The provisional dismissal of offenses punishable by imprisonment not exceeding six (6) years or
a fine of any amount, or both, shall become permanent one (1) year after issuance of the order
without the case having been revived. With respect to offenses punishable by imprisonment of
more than six (6) years, their provisional dismissal shall become permanent two (2) years after
issuance of the order without the case having been revived. (Sec. 8, Rule 117, Rules of Court).

Thus, within the periods stated, the prosecution has to revive the case if it desires to prevent the
provisional dismissal becoming permanent and the revival of the case being time-barred.

17. Is the withdrawal of Information different from a motion to dismiss?

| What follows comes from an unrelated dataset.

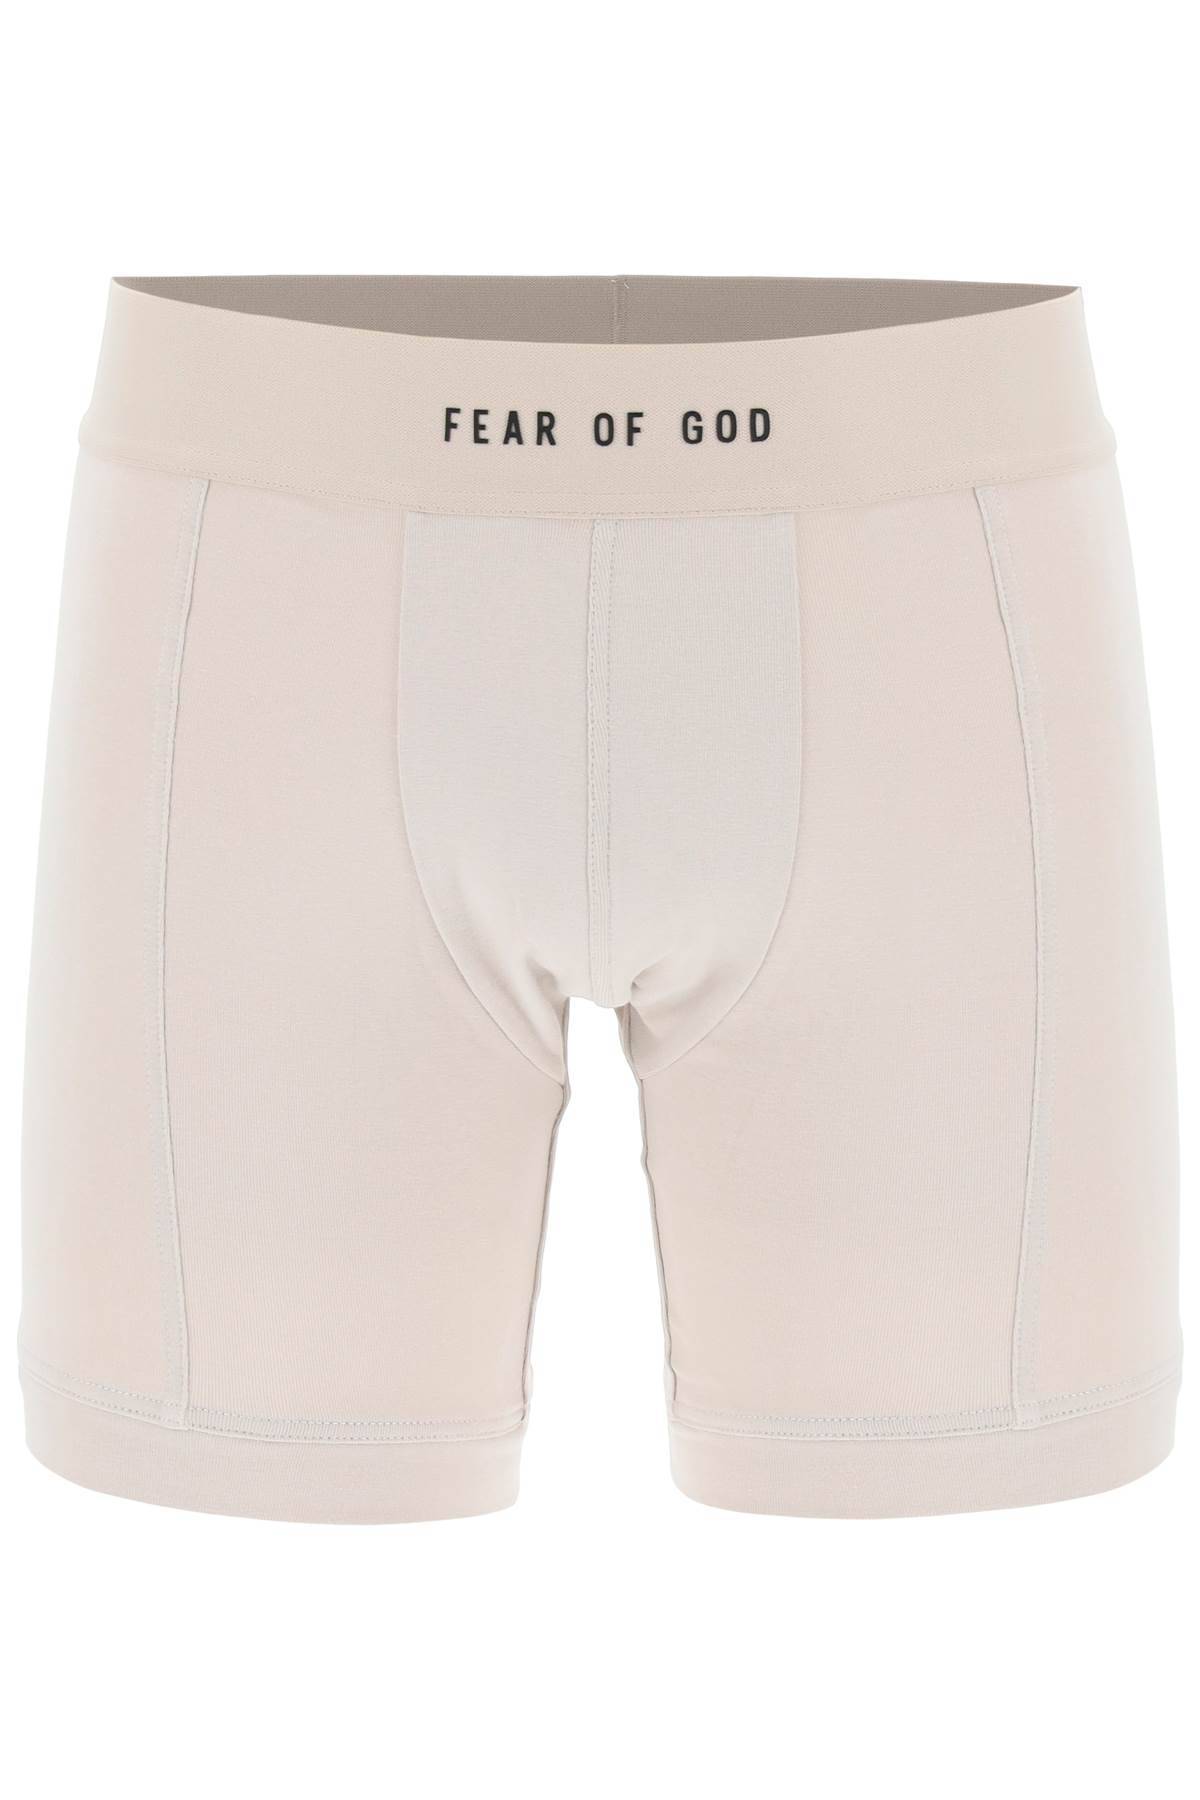 Fear Of God FEAR OF GOD bi-pack trunks

It is stated that a motion filed by a prosecutor to withdraw information differs from a


motion to dismiss. While both put an end to an action filed in court, their legal effects
varies. The order granting the withdrawal of the information attains finality after fifteen
(15) days from receipt thereof, without prejudice to the re-filing of the information upon
reinvestigation.

On the other hand, the order granting a motion to dismiss becomes final fifteen (15)
days after receipt thereof, with prejudice to the re-filing of the same case once such
order achieves finality. A motion to dismiss, when filed, thus, puts into place the time-
bar rule on provisional dismissal. Unlike a motion to dismiss, a motion to withdraw
information is not time-barred and does not fall within the ambit of Sec. 8, Rule 117 of
the Revised Rules of Criminal Procedure.